Hormone Dependent Cancer

Nanopore technology to establish H4K12me1 as a novel biomarker in prostate cancer

Biological nanopore technology, a label-free, single-molecule sensing method, serves as a versatile platform for the precise detection and quantification of diverse analytes, including nucleic acids, proteins, and small chemical compounds. Our laboratory has recently identified KMT9 as a novel histone methyltransferase responsible for the monomethylation of histone H4 at lysine 12 (H4K12me1). KMT9 represents a promising therapeutic target for castration-resistant prostate cancer (CRPC), and we have developed potent KMT9 inhibitors (KMT9i) that effectively impair the proliferation of tumor cells, including castration and enzalutamide-resistant prostate cancer cells.
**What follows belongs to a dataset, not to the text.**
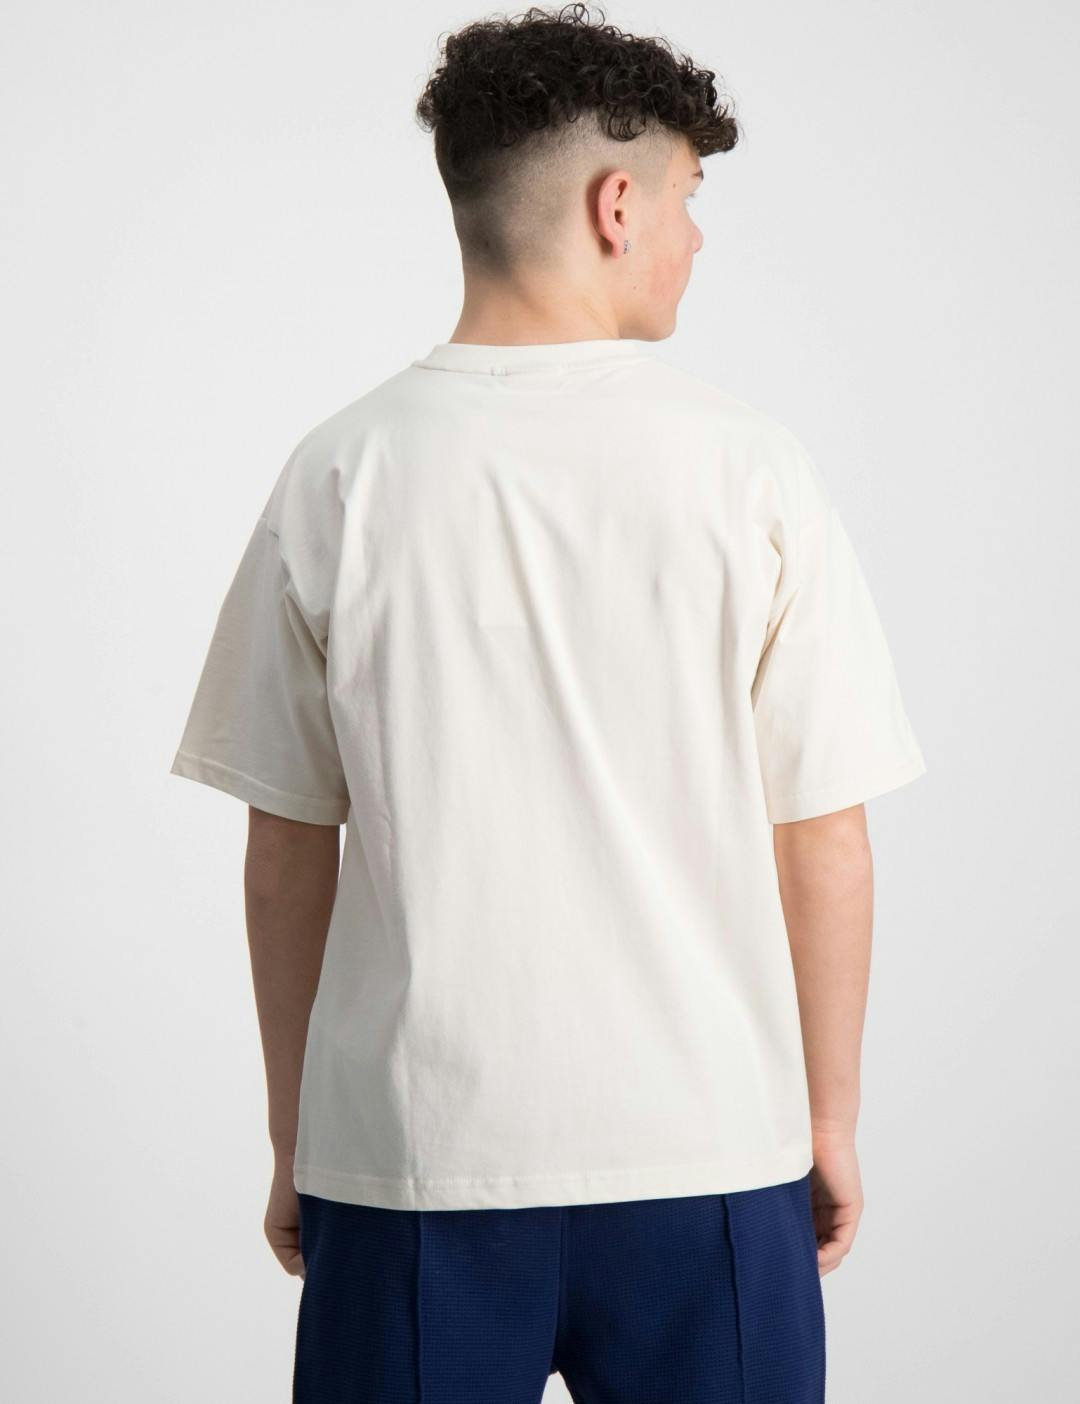 TOUTENDORF oversized t-shirt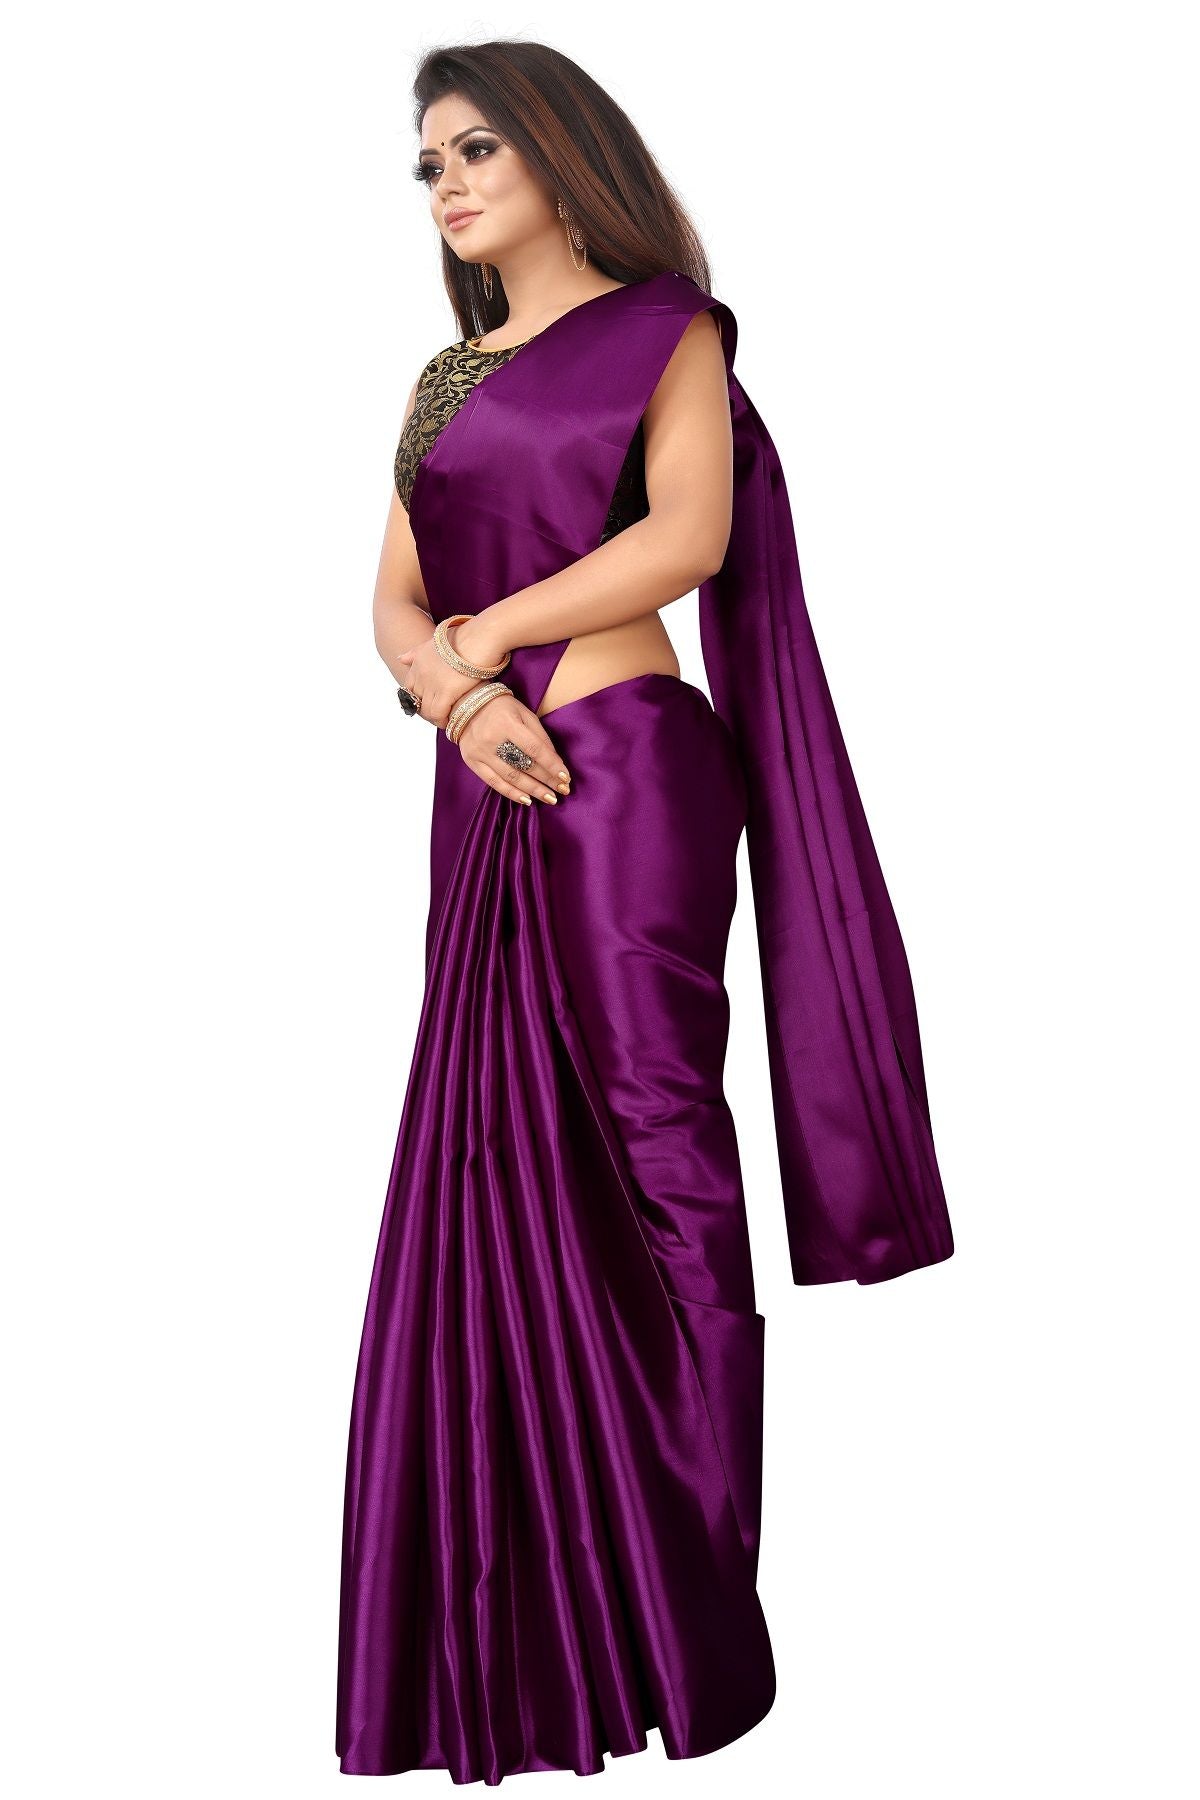 Women's Violet Satin Designer Saree - Vamika

This project aims to precisely define H4K12me1 as a novel prognostic biomarker for KMT9 activity utilizing advanced nanopore technology. Specifically, we will apply this technology to quantitatively assess H4K12me1 levels both in vitro and within relevant prostate cancer cell lines. Subsequently, we will determine the modulation of H4K12me1 levels in KMT9-depleted cellular models and in cells treated with KMT9i. Furthermore, leveraging our established mouse prostate tumor model, we will investigate whether KMT9i treatment or KMT9 depletion induces measurable alterations in H4K12me1 levels within prostate tumor extracts and various biological fluids, including blood, urine, and extracellular vesicles. Ultimately, the developed nanopore assay will be adapted for high-throughput screening of novel KMT9 inhibitors.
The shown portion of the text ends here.